What is being asked
Although the data holds pictures, return only the lines from the one containing "Cadou personalizat placheta" to the end, exactly, and without them.

Collected material
━━━━━━━━━━━━━━━━━━━━━━━━━━━━━━
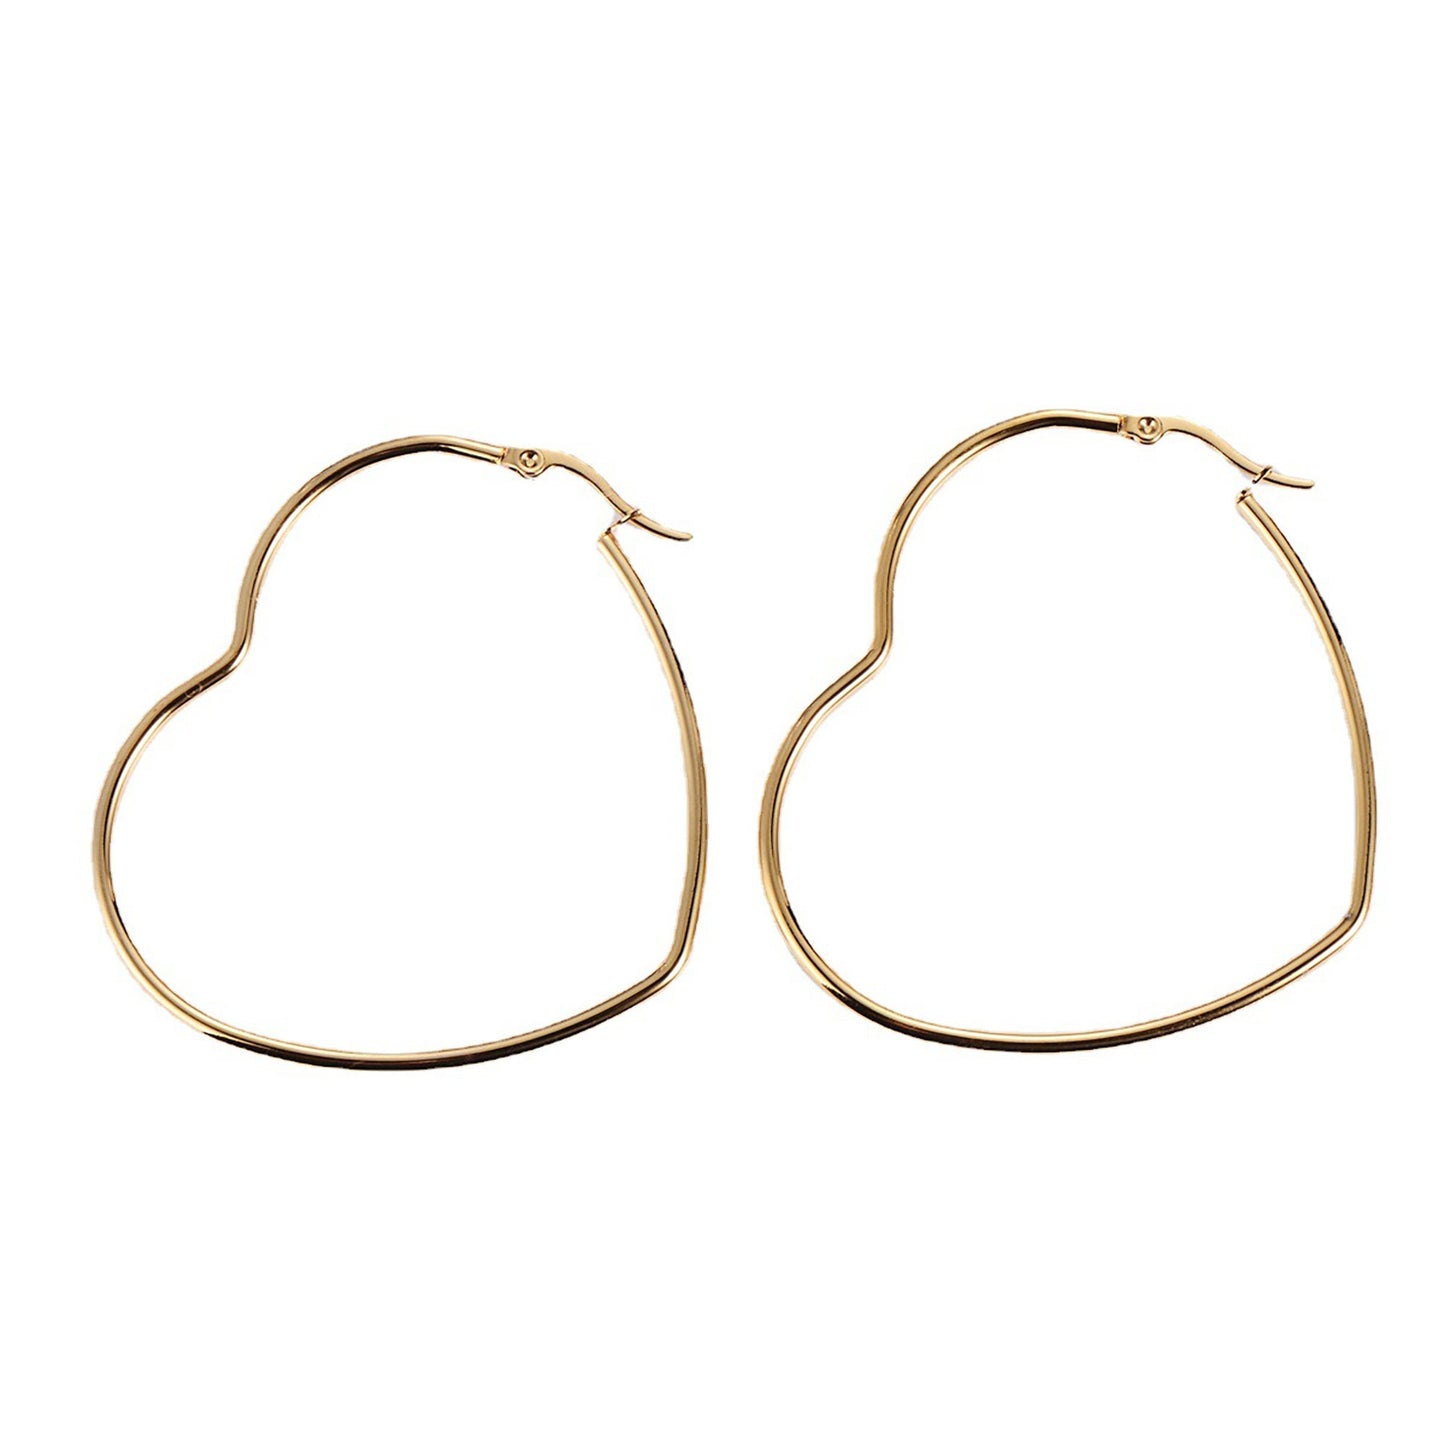 Titanium 5cm Large Heart Hoop Earrings, Gold Plated, Hypoallergenic, Implant Grade Titanium Waterproof, Vintage Style, Minimal
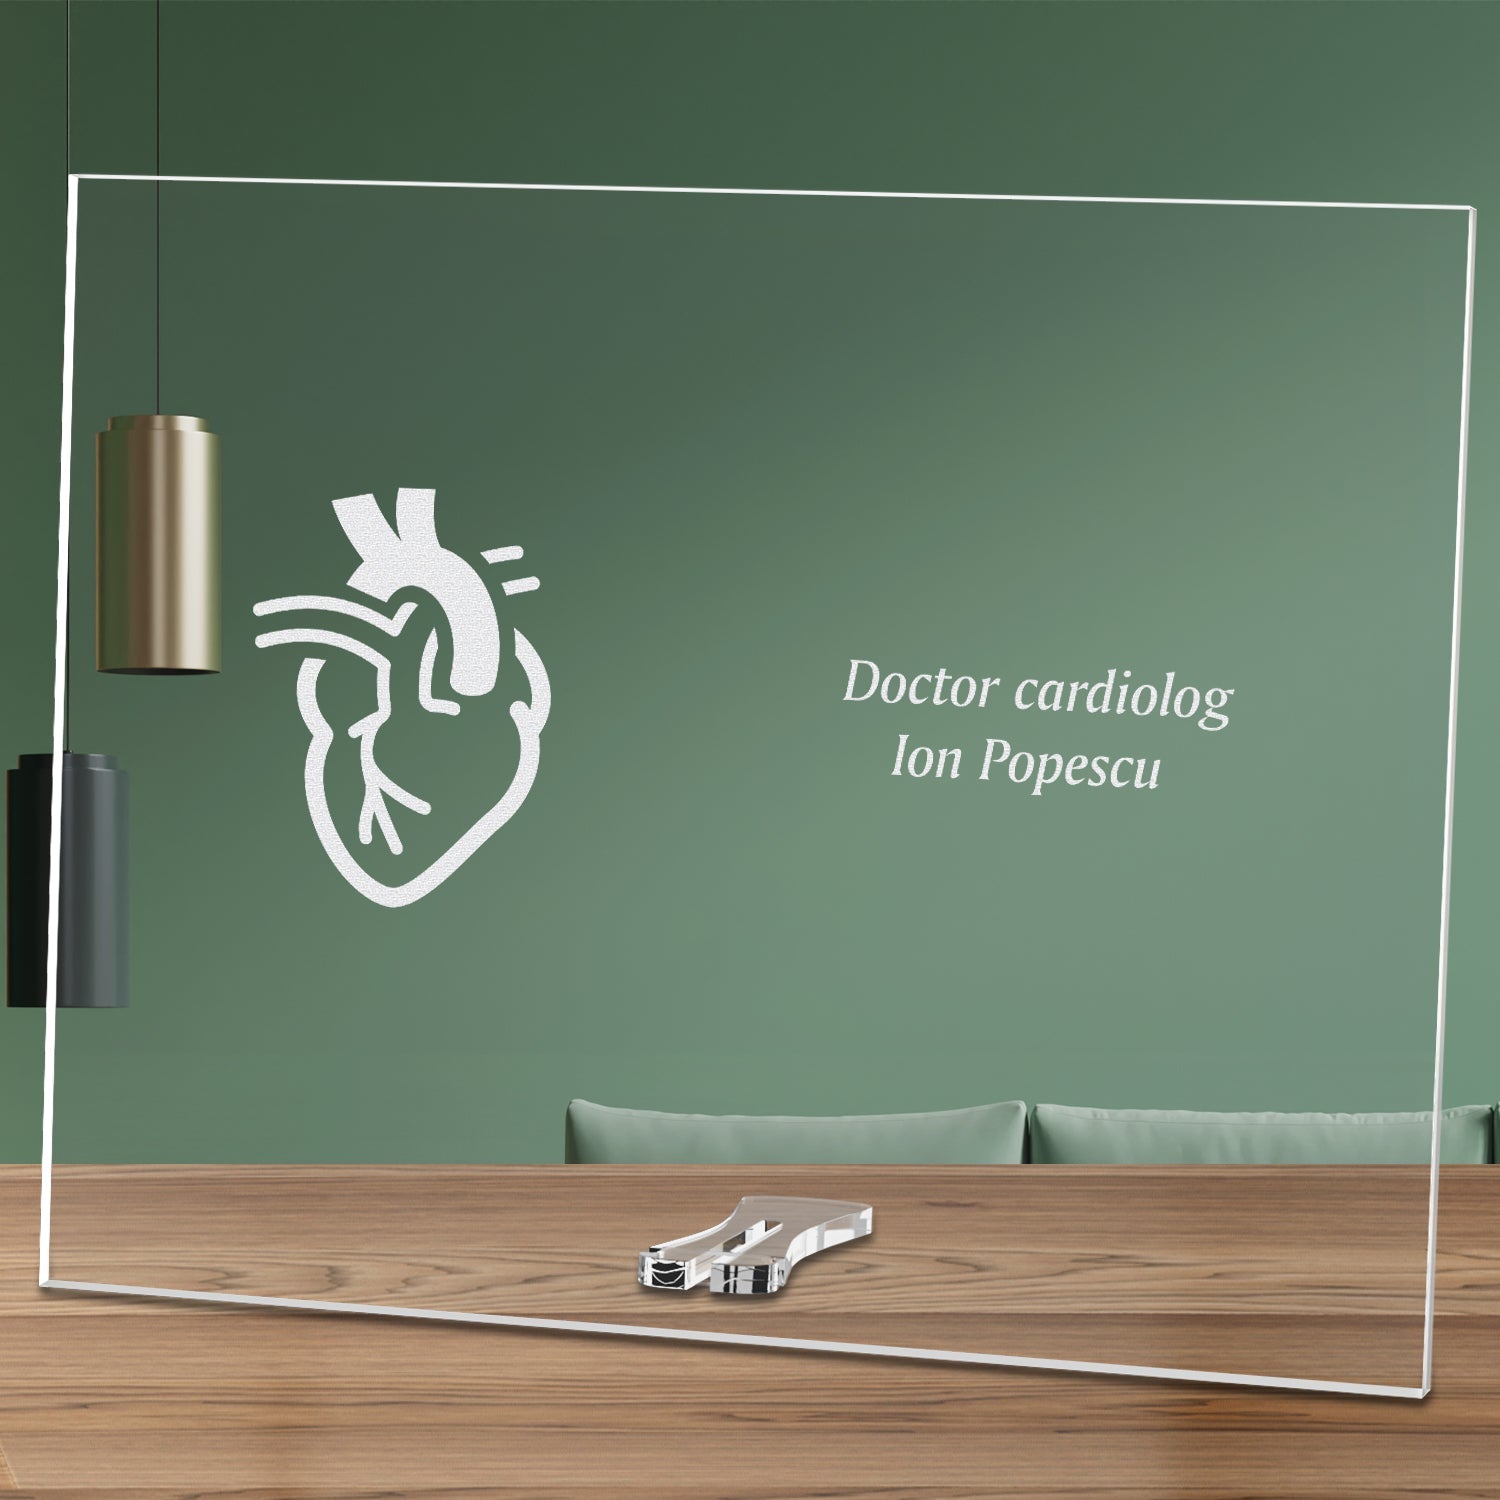 Cadou personalizat placheta din plexiglas - Doctor cardiolog - ghizbi.ro
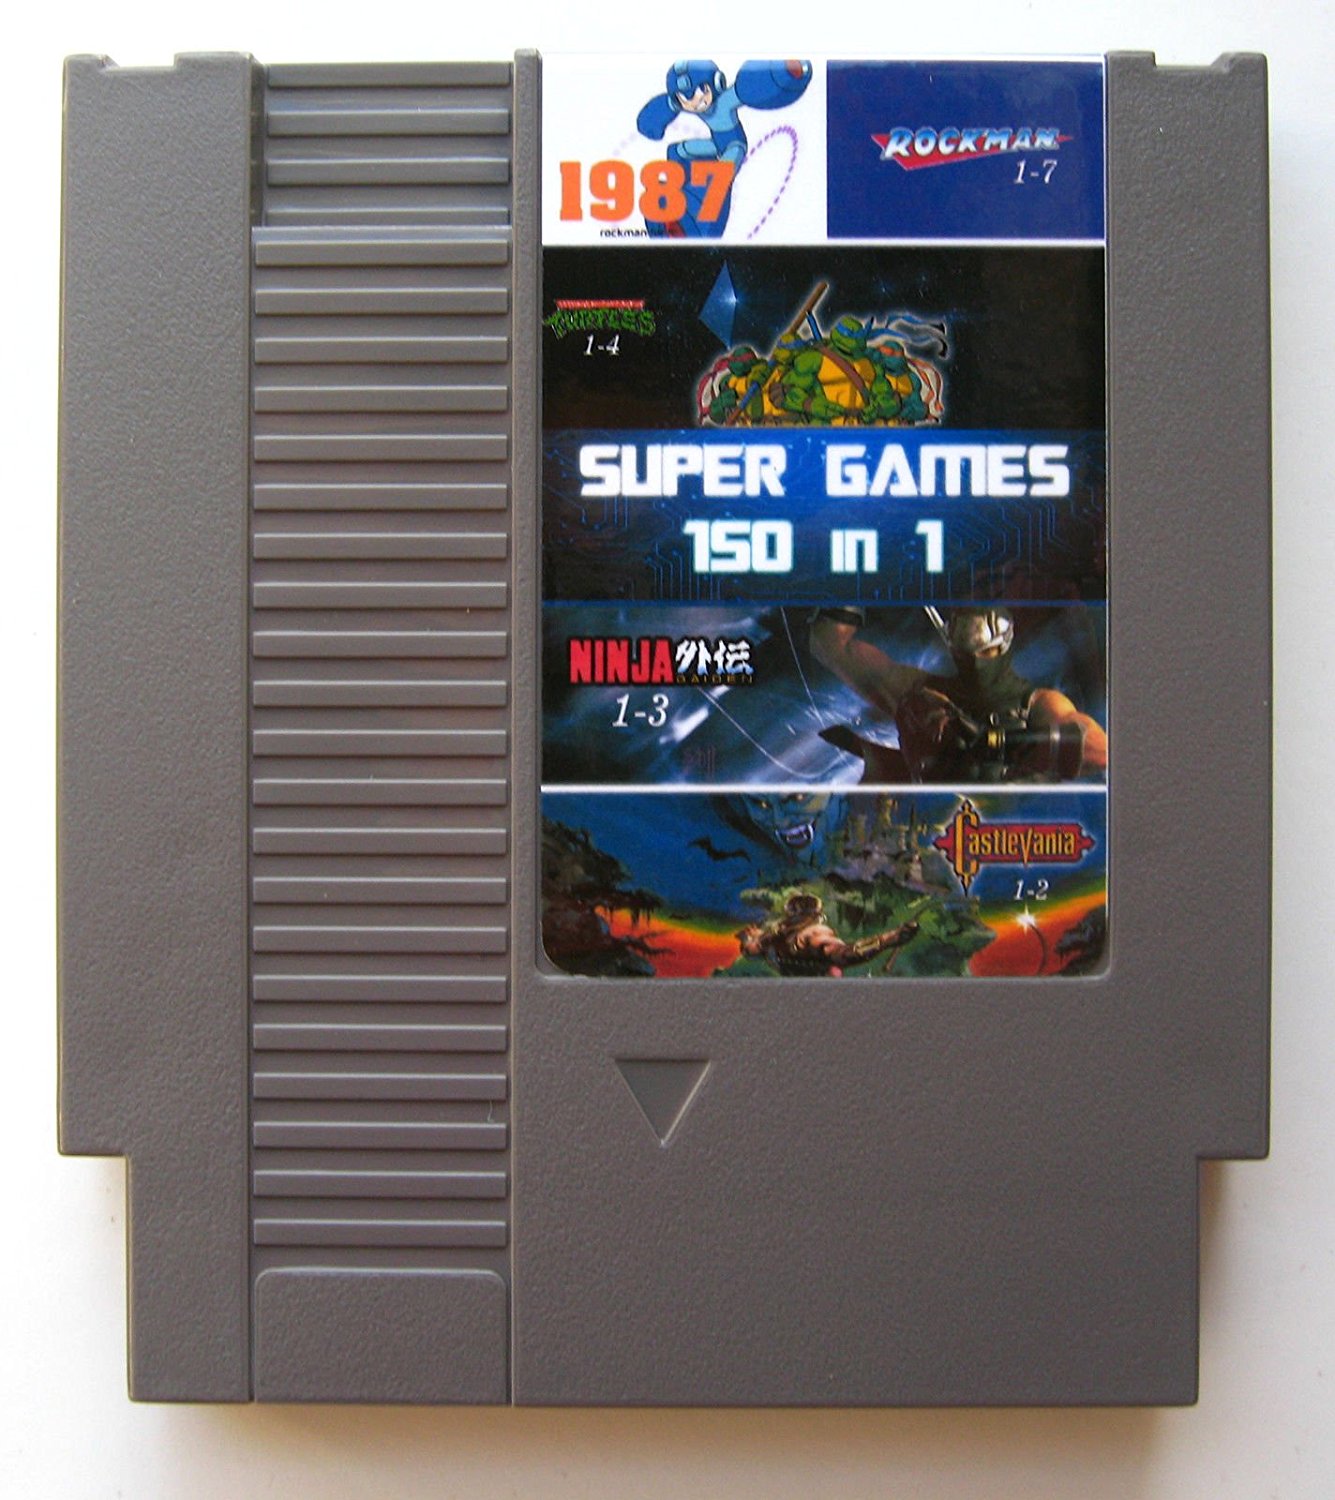 NES 150 in 1 cartridge
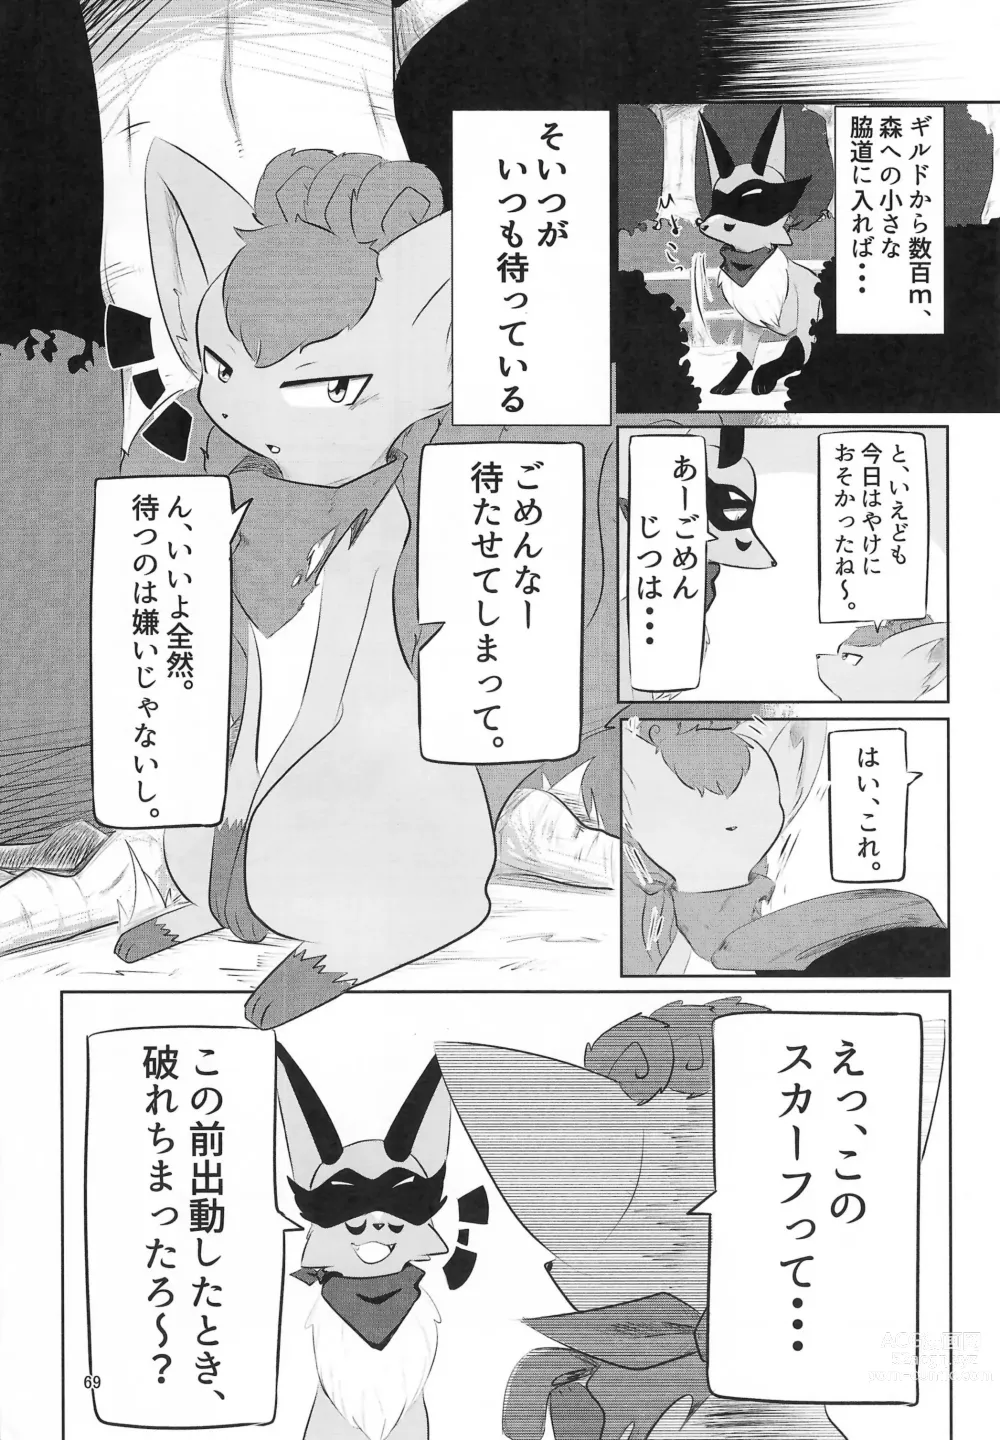 Page 69 of doujinshi Yotsu Ashi BL Anthology K9S
━━━━━━━━━━━━━━━━━━━━━━━━━━━━━━
Finished exercise
 Cadou personalizat placheta din plexiglas - Doctor cardiolog - ghizbi.ro
 NES 150 in 1 cartridge
 Page 69 of doujinshi Yotsu Ashi BL Anthology K9S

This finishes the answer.